▼

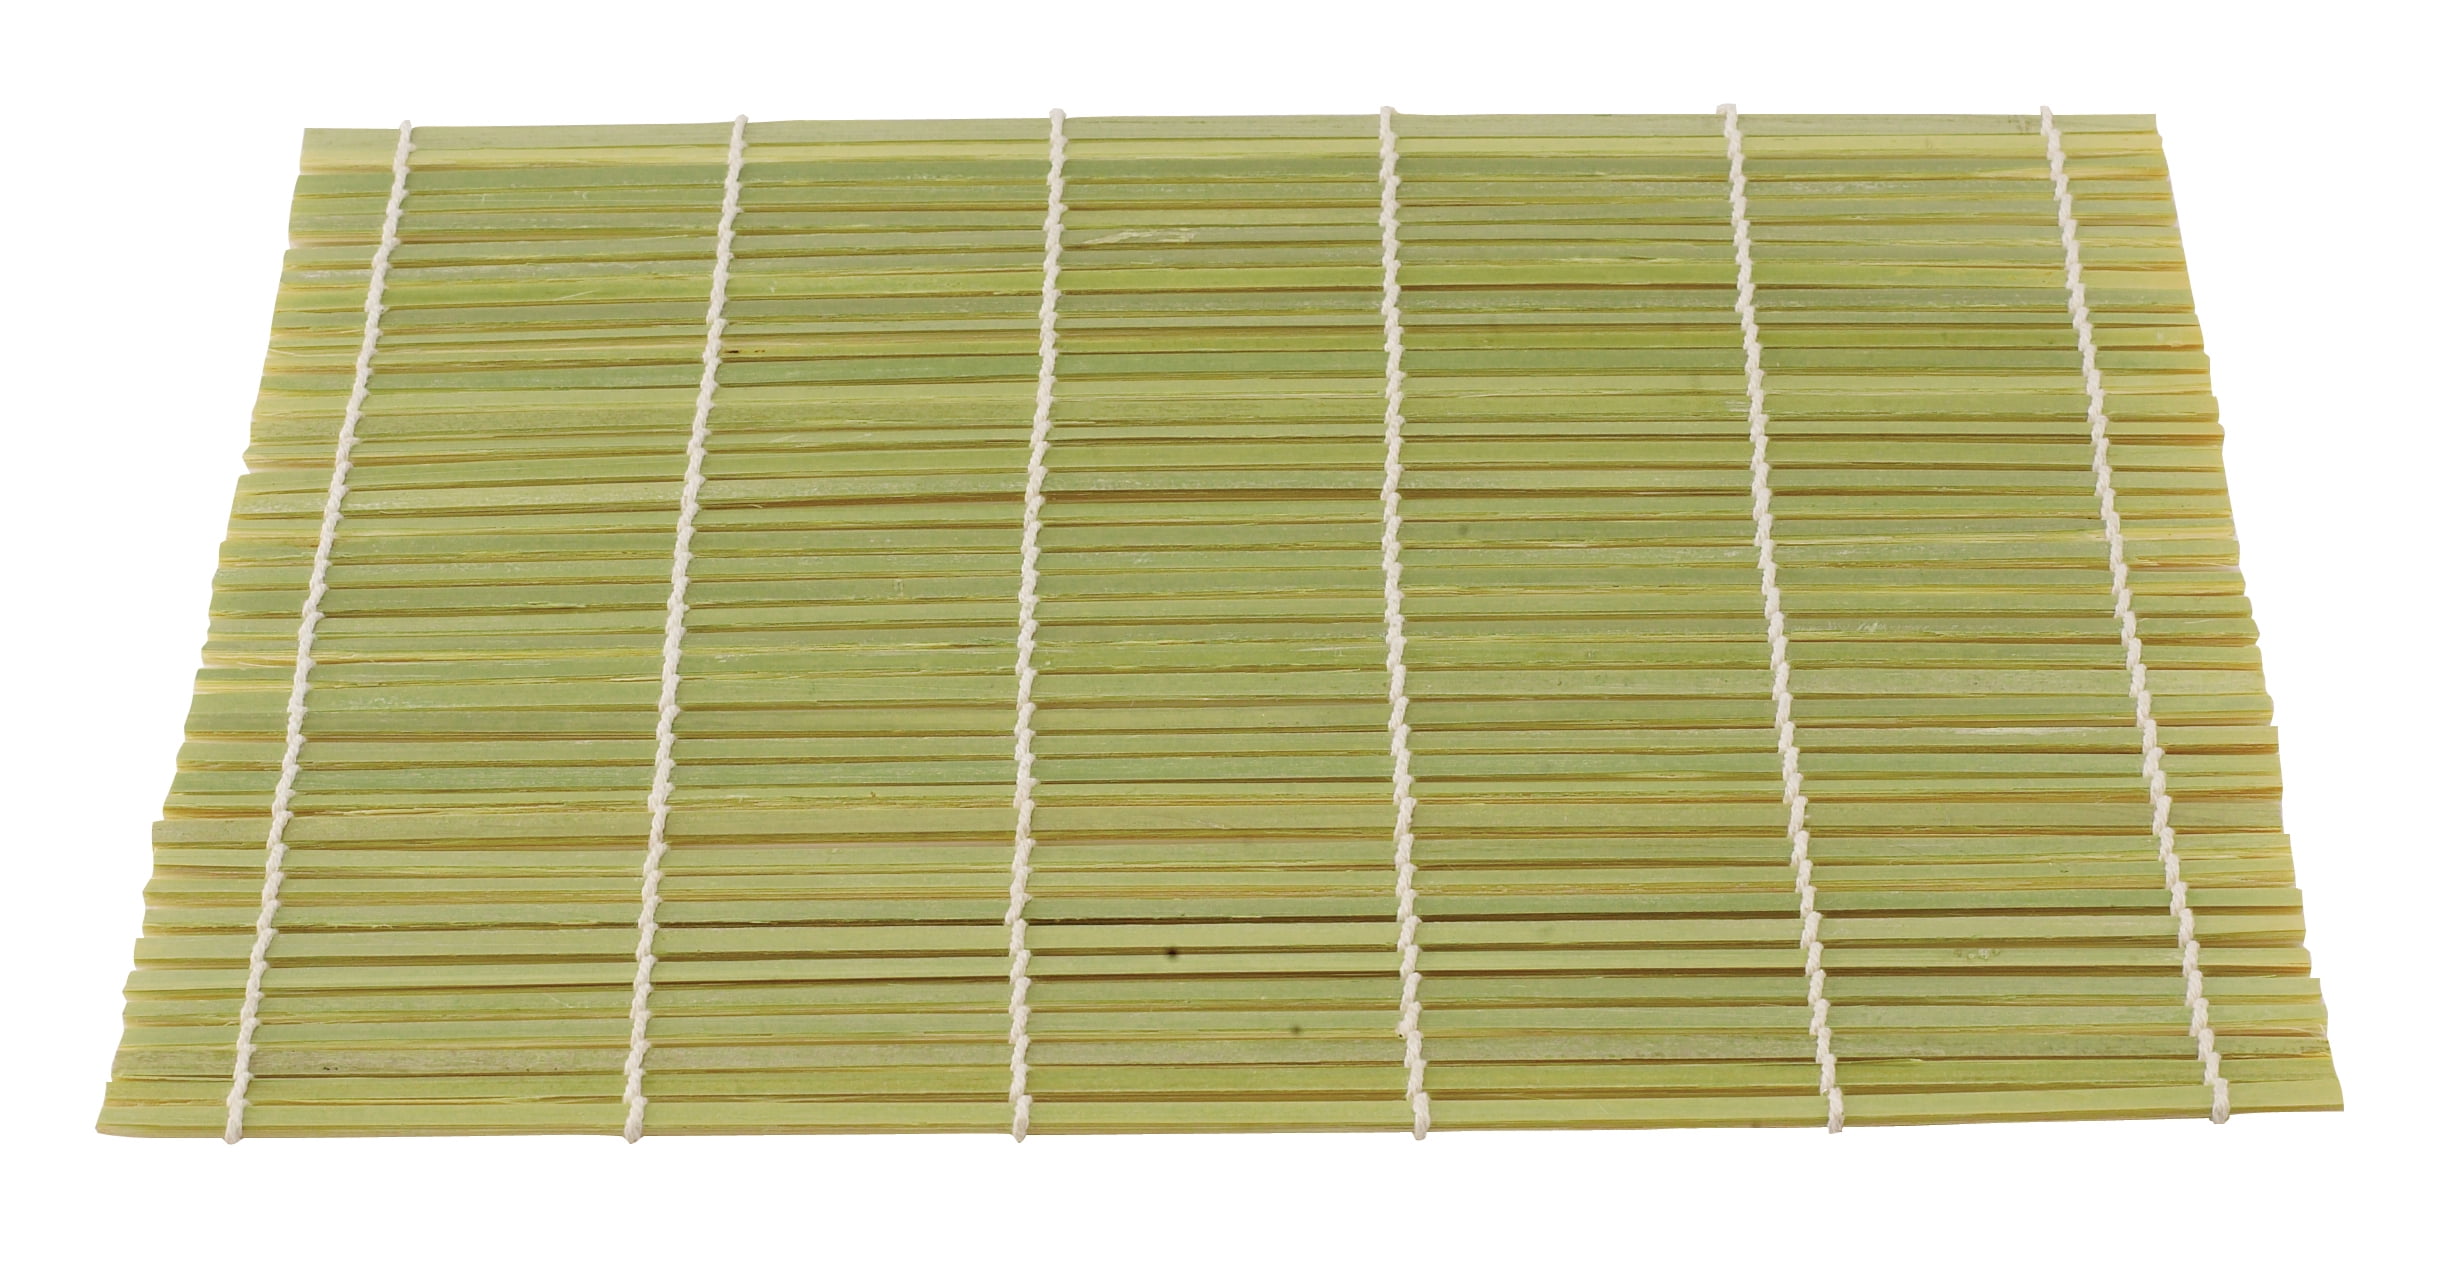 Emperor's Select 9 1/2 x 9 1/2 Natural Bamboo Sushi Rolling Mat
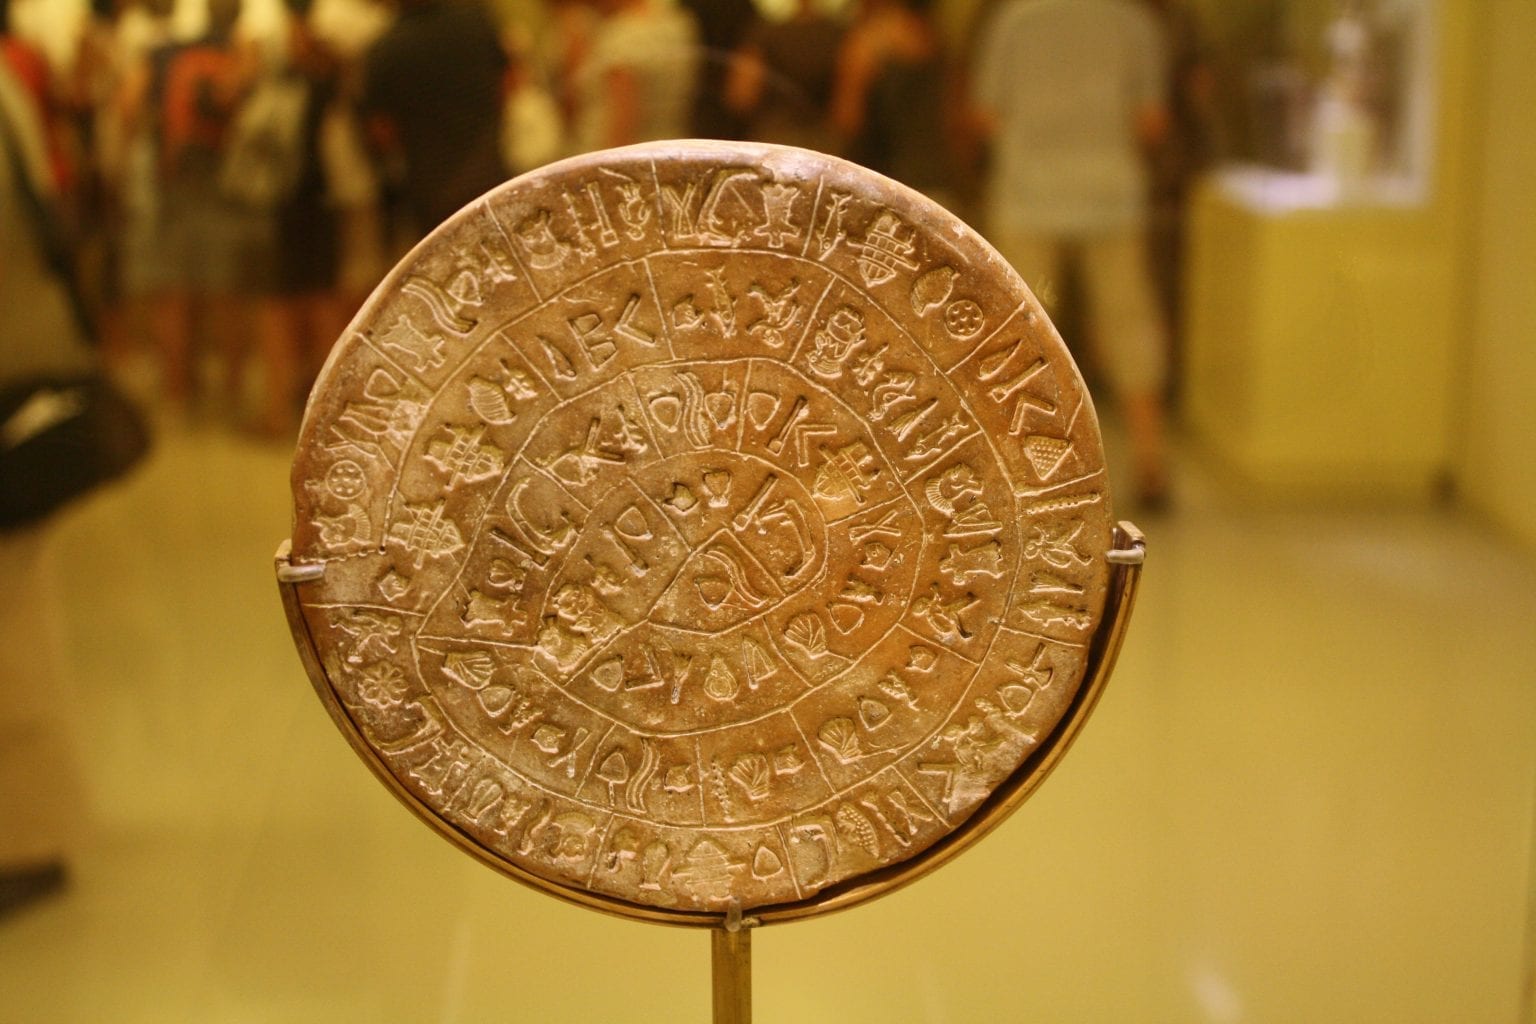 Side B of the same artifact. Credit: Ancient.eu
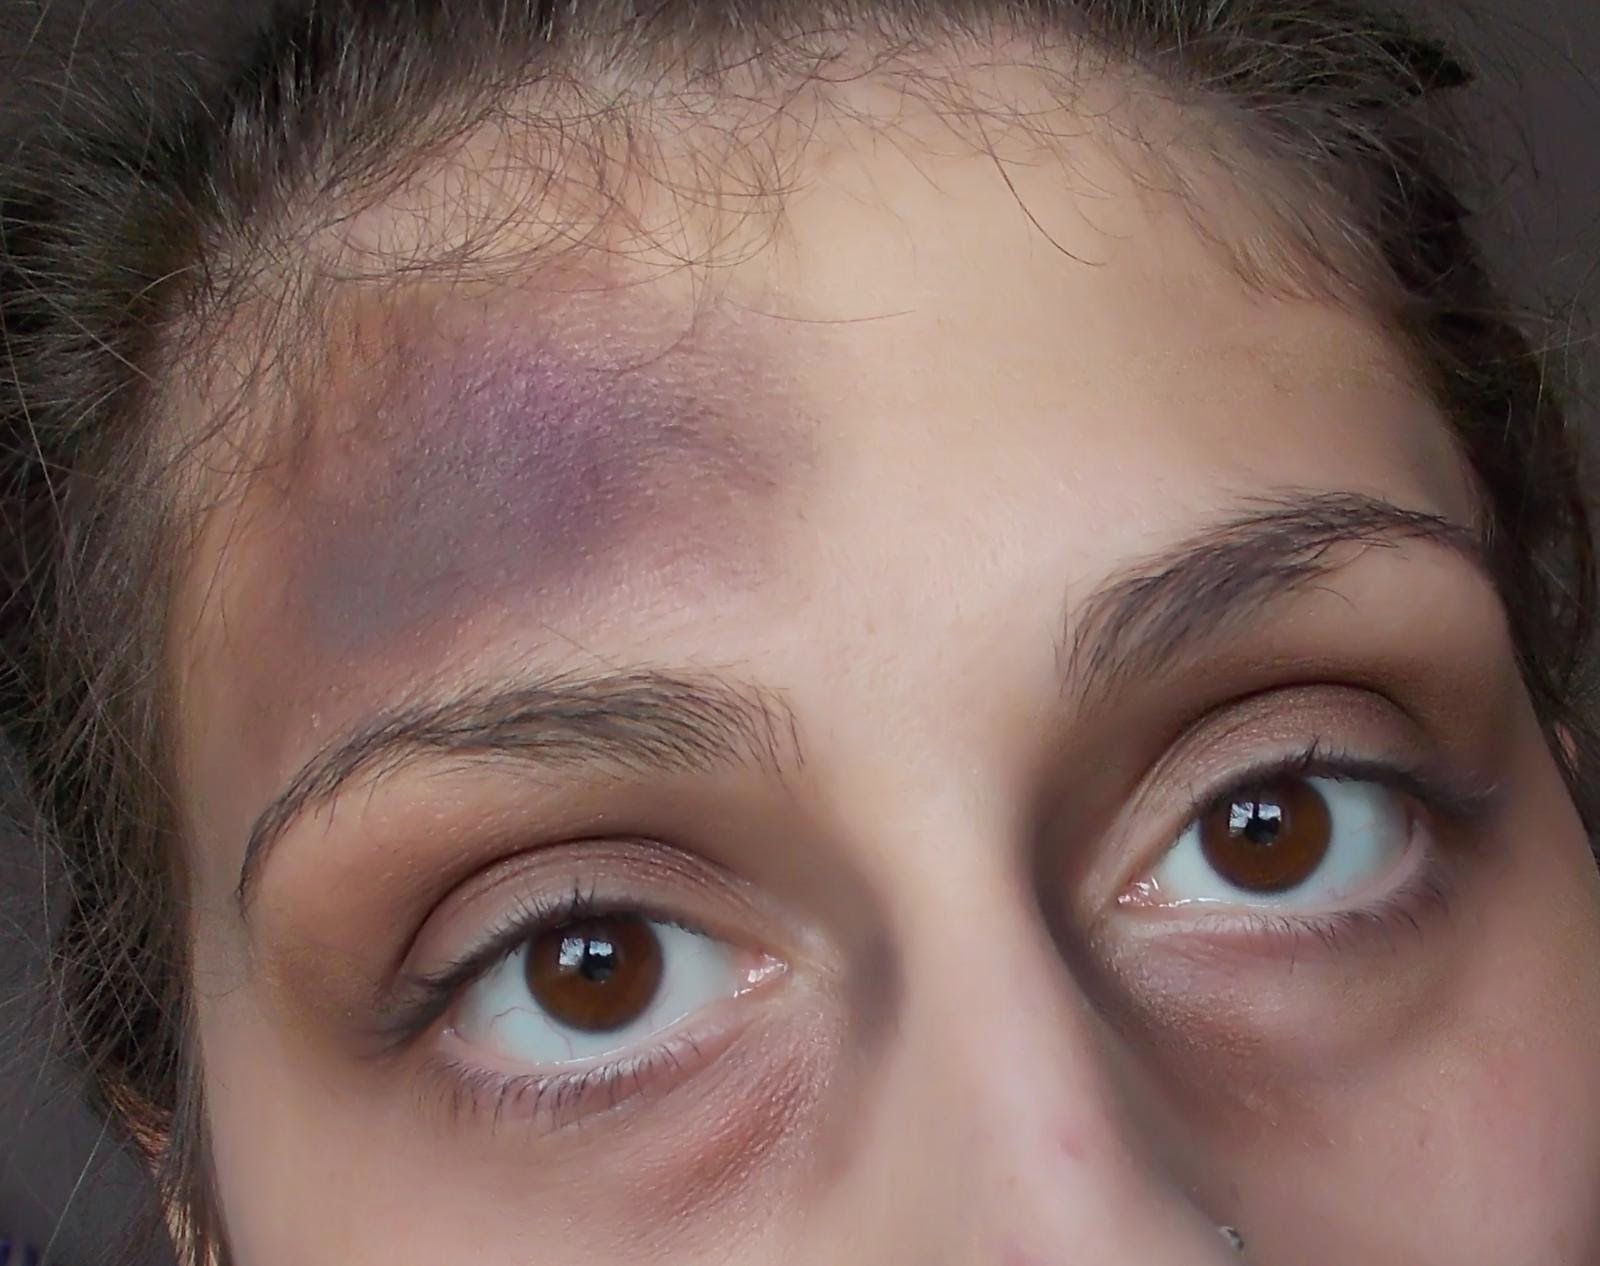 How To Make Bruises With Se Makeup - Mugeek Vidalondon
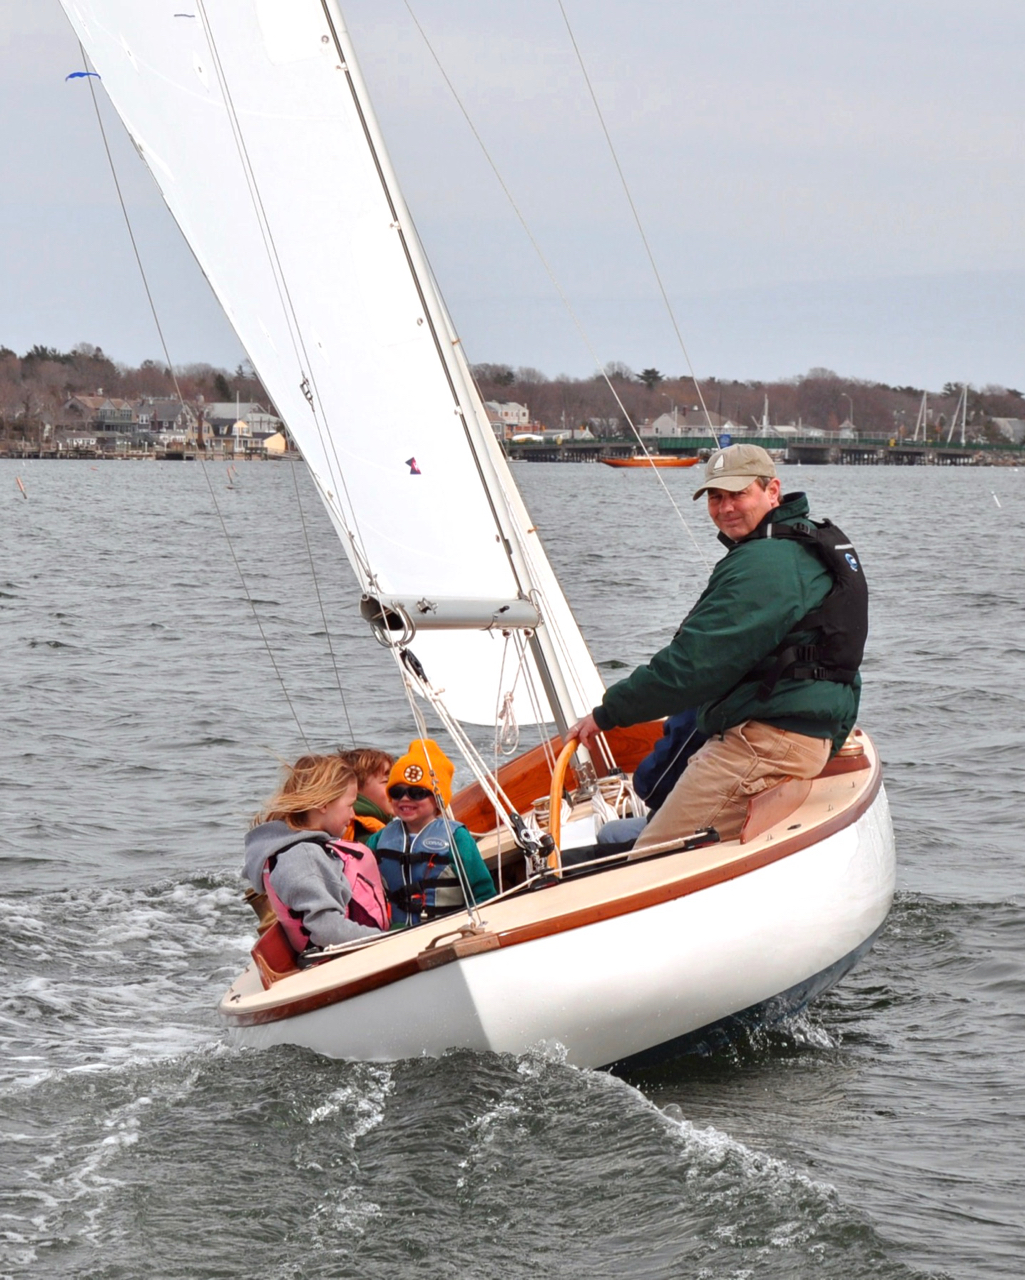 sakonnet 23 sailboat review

▲

- [PROBLEM STATEMENT]
Return the material exactly as given above, picture-free.

- [EXERCISE OUTPUT]
 Emperor's Select 9 1/2 x 9 1/2 Natural Bamboo Sushi Rolling Mat
 Side B of the same artifact. Credit: Ancient.eu
 How To Make Bruises With Se Makeup - Mugeek Vidalondon
 sakonnet 23 sailboat review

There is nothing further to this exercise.